Да и вообще трудно мириться в этой стране огромных пространств, бесчисленного населения, несметных богатств, трудно мириться с мелочностью, создаваемой житейскими перегородками. Русскому человеку, попадающему туда, тяжело. Странно: несвободно в стране свободы. Помню, однажды в Нью-Йорке мне передали приглашение на вечер в незнакомый дом — хозяйка русская и жаждет видеть соотечественника. Прихожу, встречает меня статная старуха. Оказывается — внучка последней грузинской царицы, замужем за американским доктором. Она увлекла меня в угол… Лились воспоминания. Я никогда от незнакомого человека не слыхал столько поведанного близкого, частного, личного.

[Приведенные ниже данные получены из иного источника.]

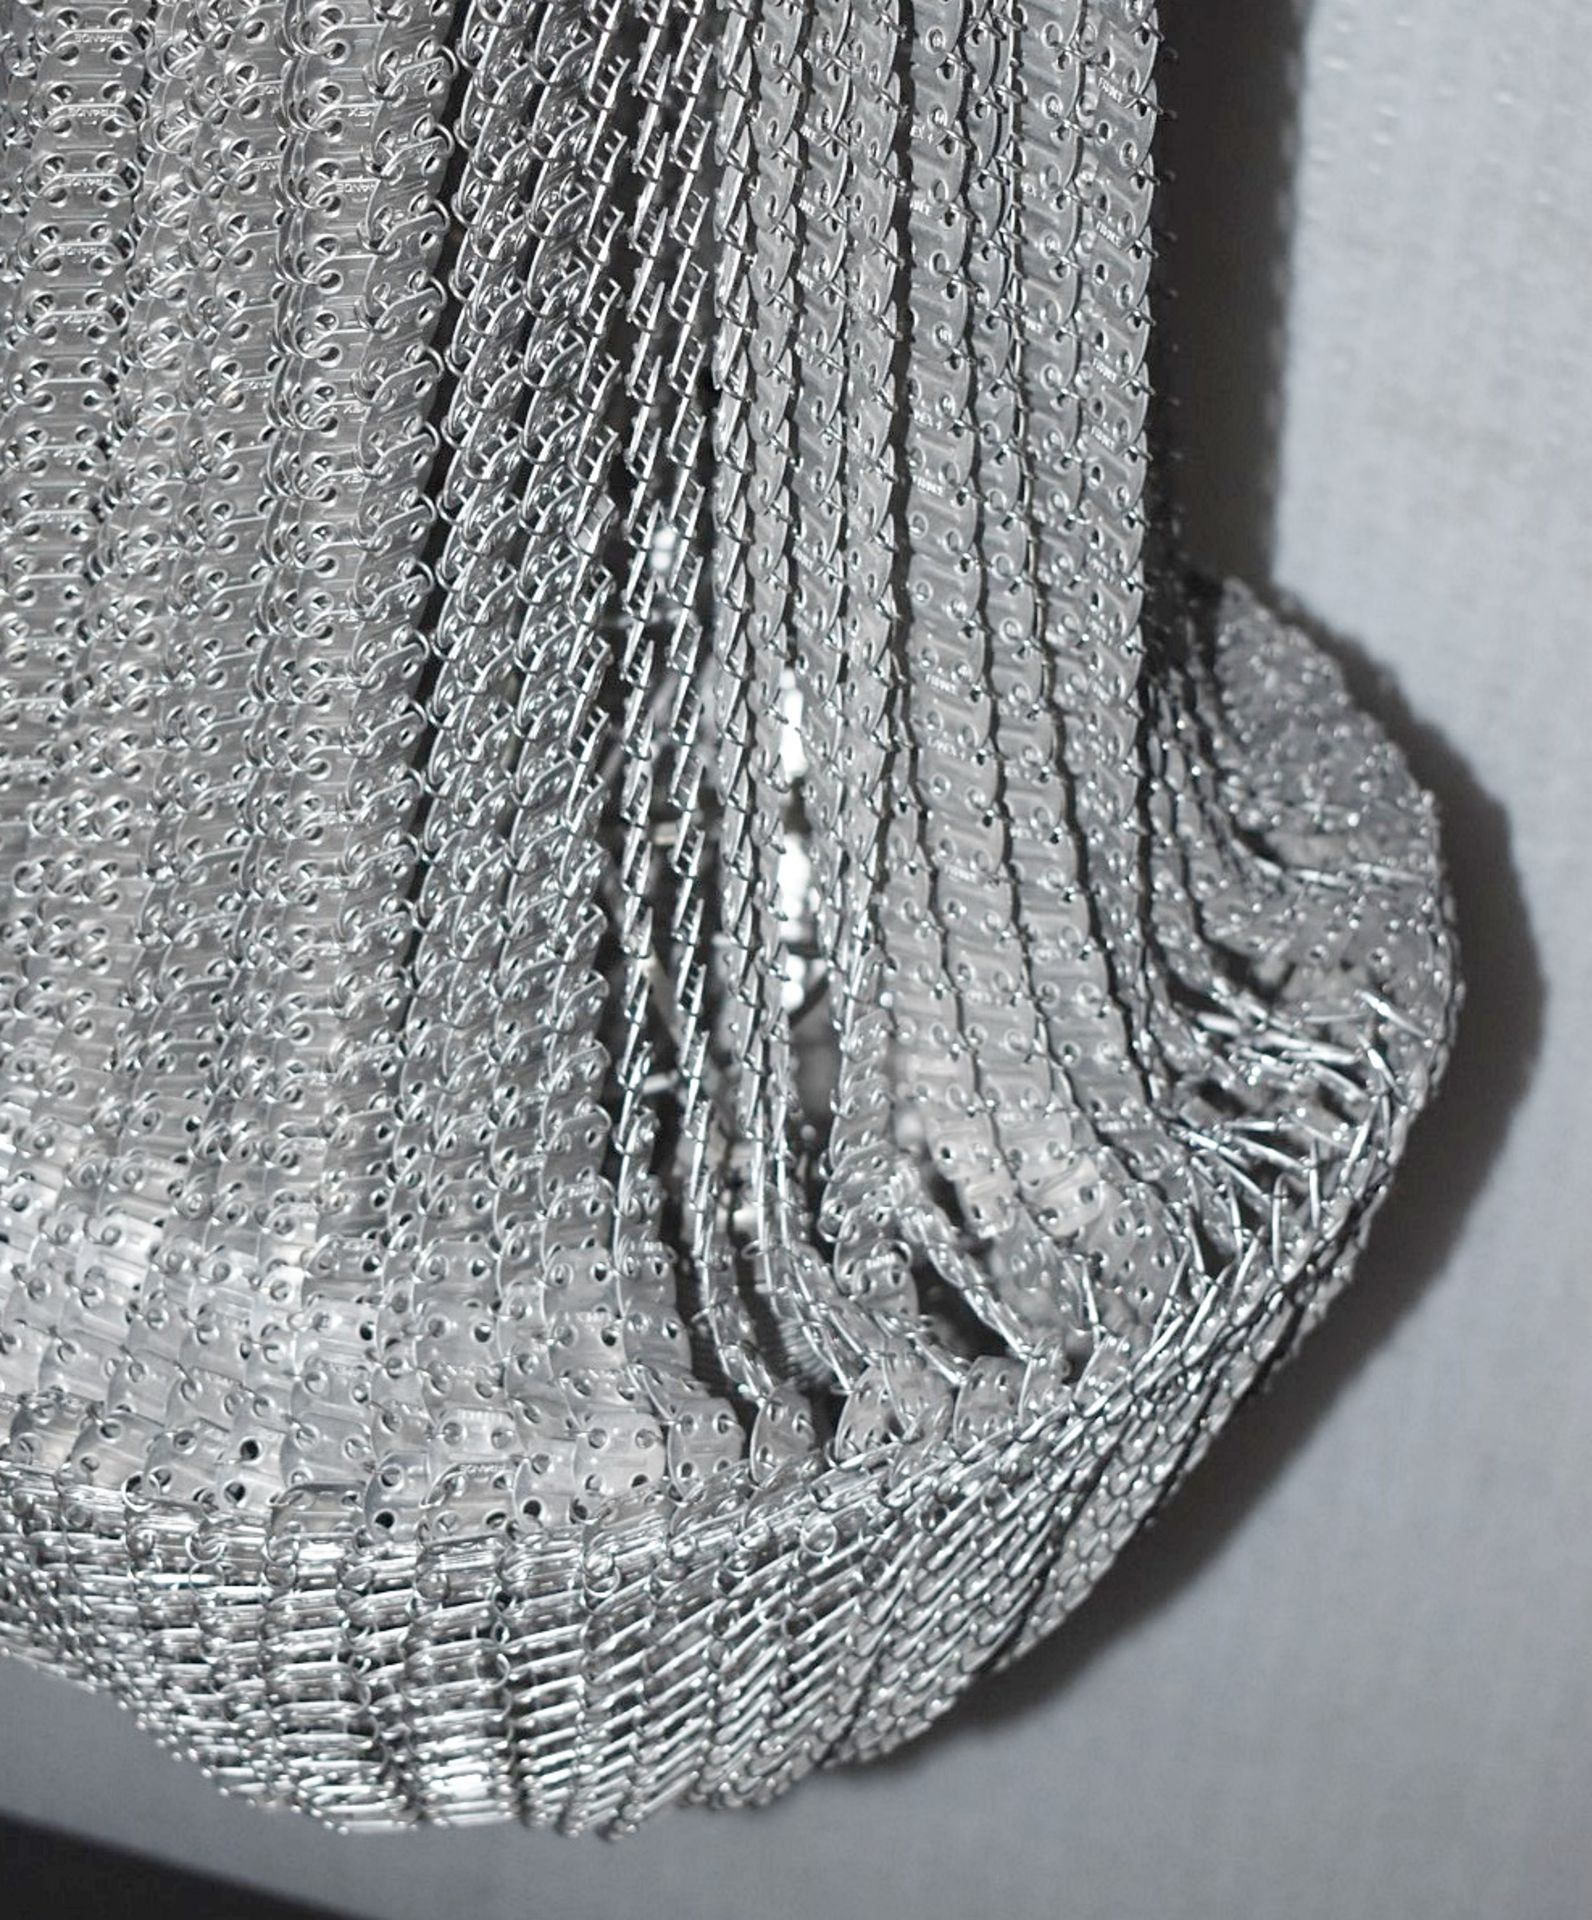 1 x Opulent Chainmail Chandelier with Crystal Glass Droplets - Procured From An Exclusive Property - Image 3 of 8
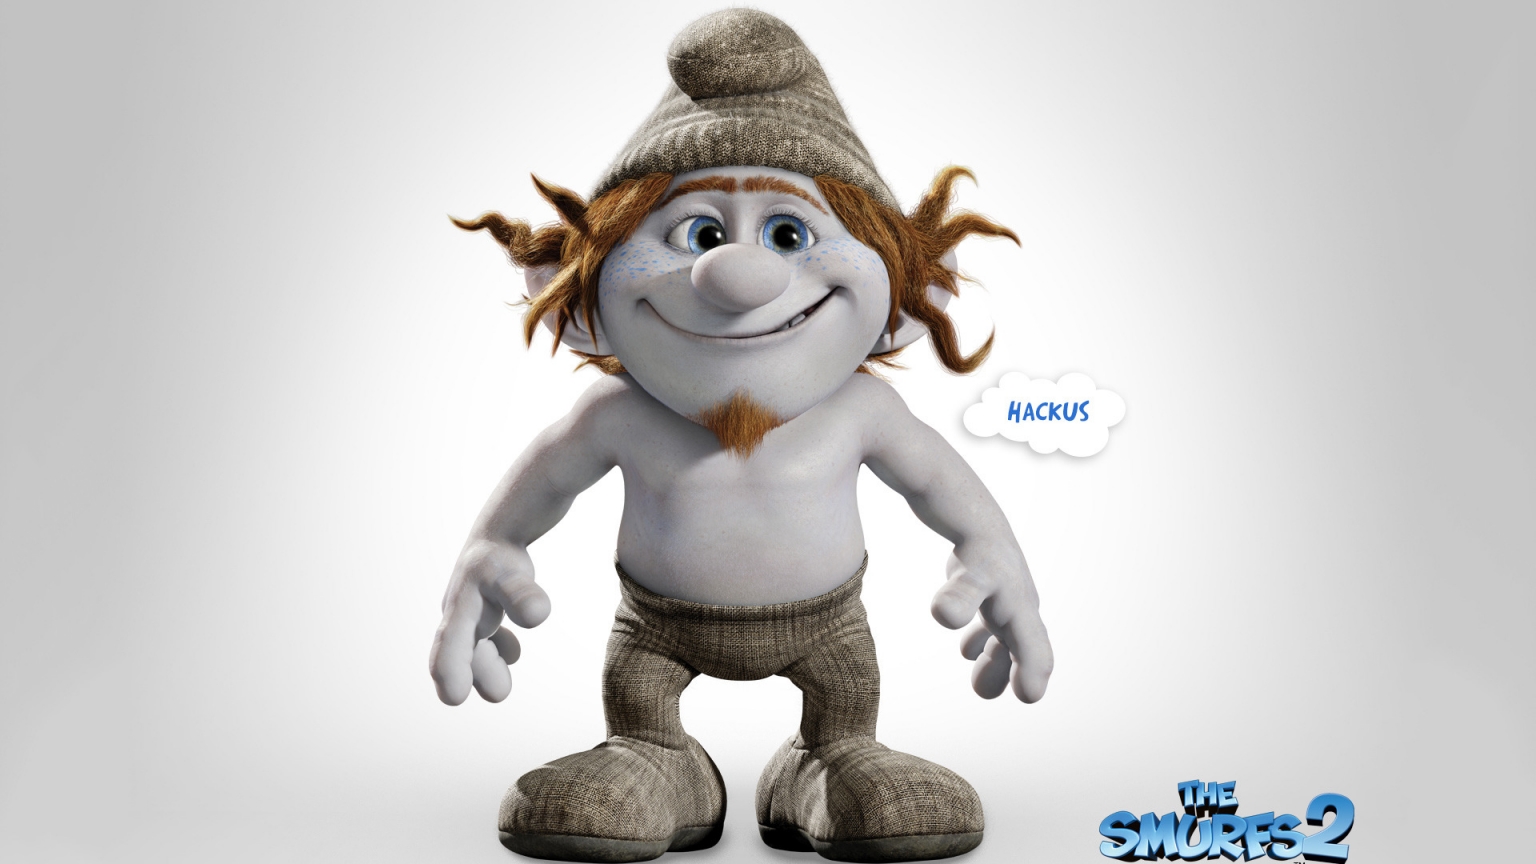 Hachus The Smurfs 2 for 1536 x 864 HDTV resolution

Я затруднился бы что-нибудь вспомнить; я знал, что это мне говорится не для того, чтобы я вспомнил; есть речи, для которых важно устье, в других важен исток. Я слушал не слыша; помню только: «Кавказ… царица… институт». Помню беспокойный веер, помню на черном платье вместо брошки бриллиантовое «А» — фрейлинский вензель и помню никогда так ясно не испытанное ощущение клетки… Как крыло, бился черный веер. Это были кавказские горы в нью-йоркской тесной квартирке…
Много странного в укладе американской жизни, то есть в том, что составляет «высшее общество» (the upper set). В этой стране равенства развито, как нигде, чинопочитание.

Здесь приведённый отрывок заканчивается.